**To do**
Word for word, repeat the data that follows. Do not include the pictures.

**Dataset section**
============
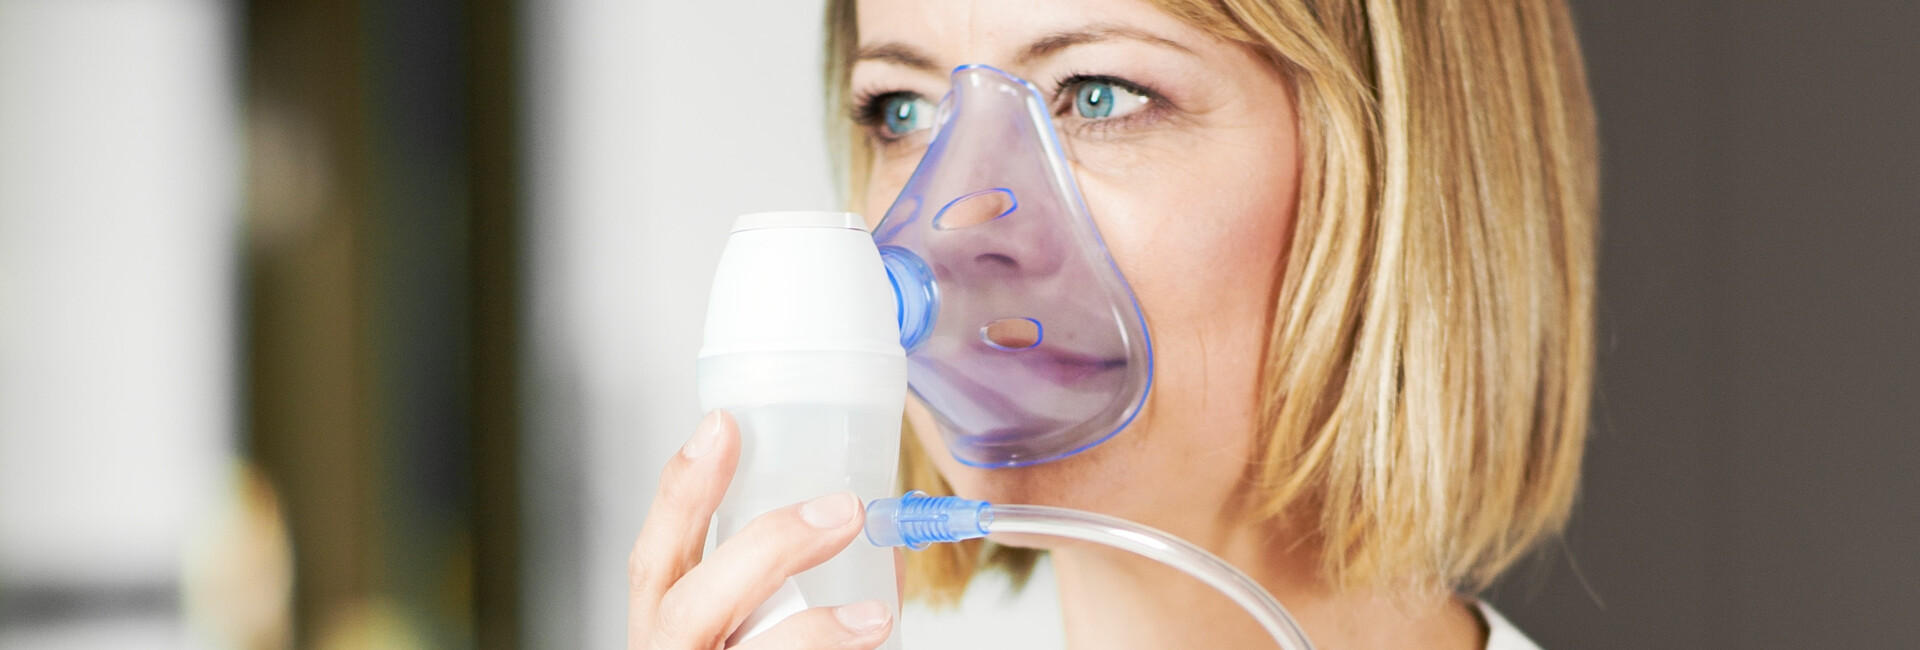 microlife-respiratory-care-nebuliser-mask
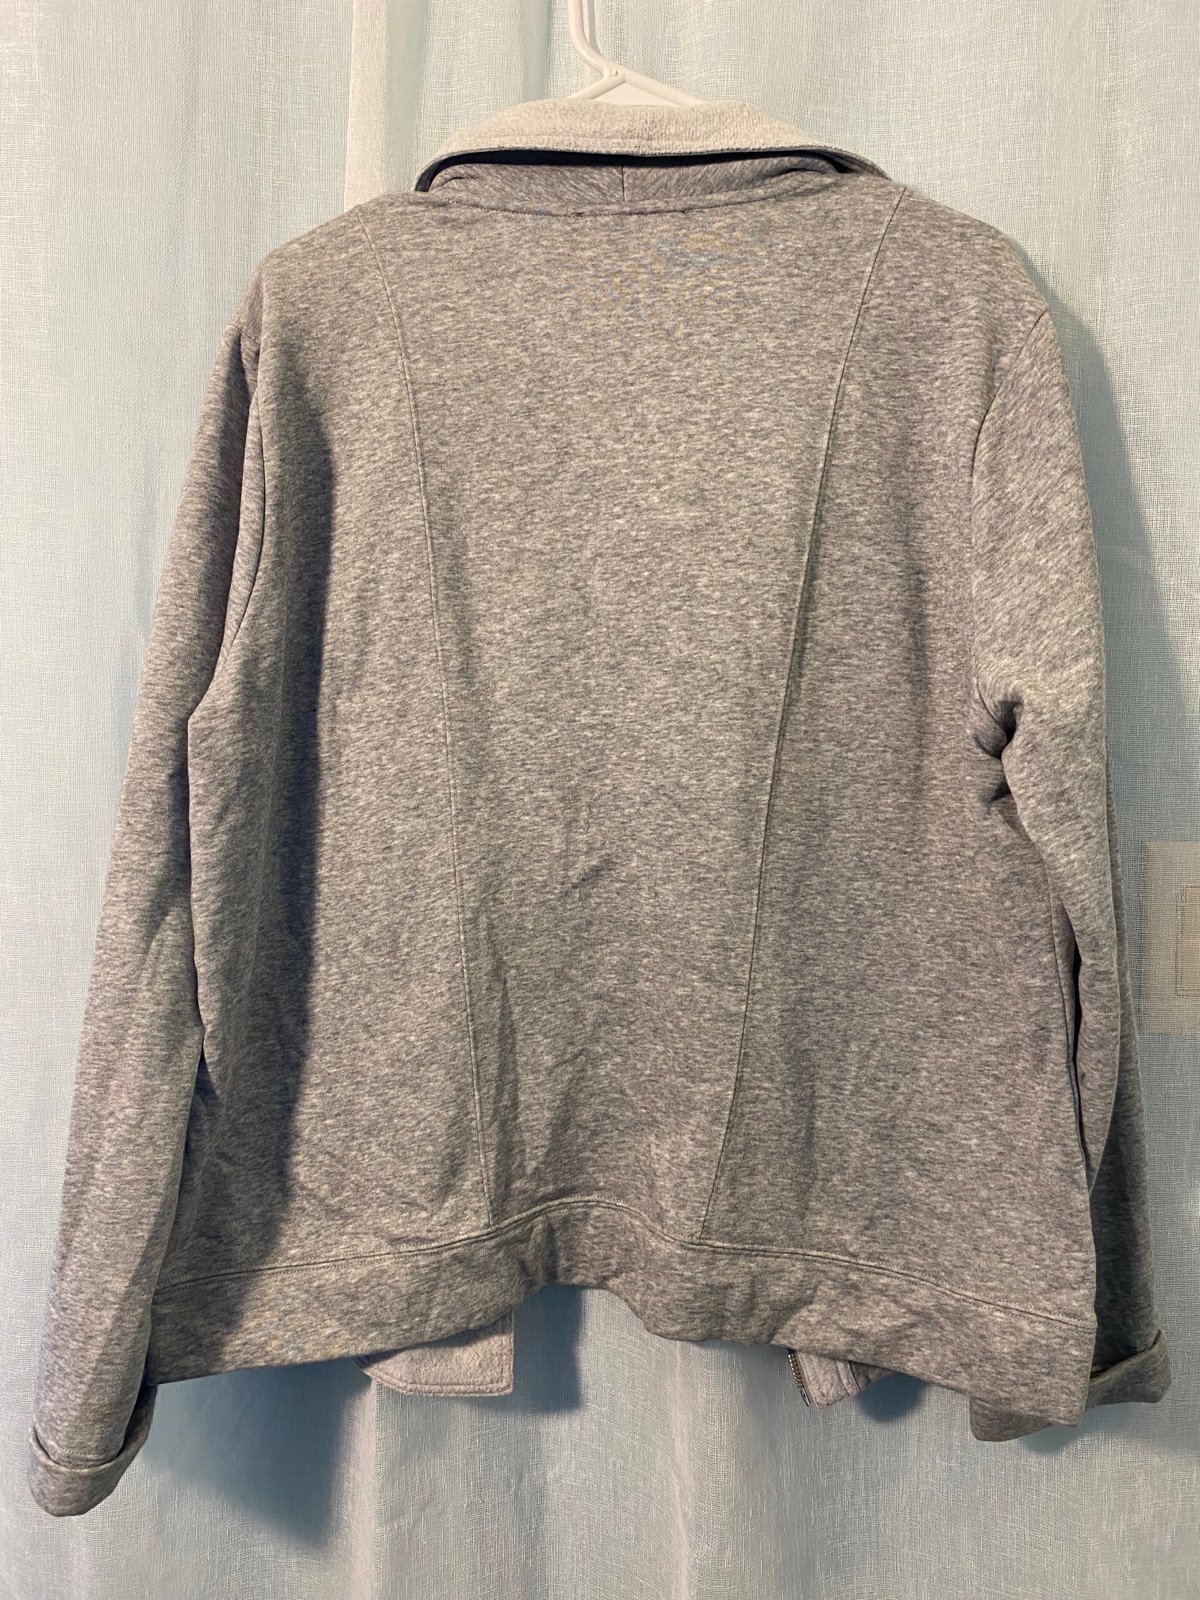 high discount Michael Kors zip down fuzzy sweater Gj411kM6v Discount
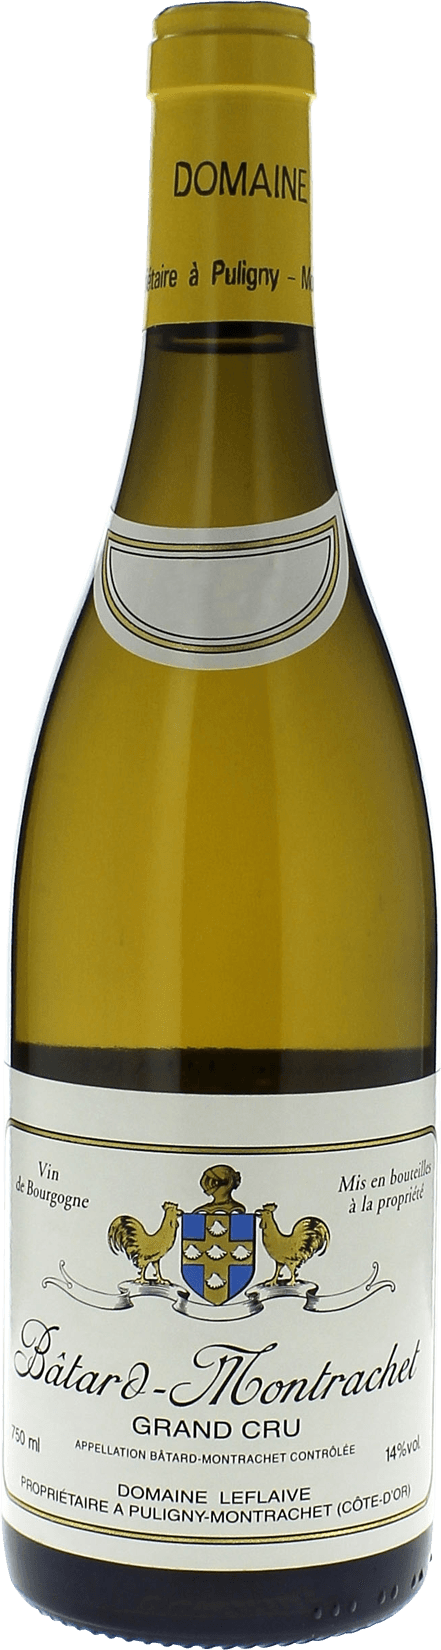 Batard montrachet grand cru 2017 Domaine LEFLAIVE Vincent, Bourgogne blanc
============
**Response box**
 microlife-respiratory-care-nebuliser-mask
 high discount Michael Kors zip down fuzzy sweater Gj411kM6v Discount
 Batard montrachet grand cru 2017 Domaine LEFLAIVE Vincent, Bourgogne blanc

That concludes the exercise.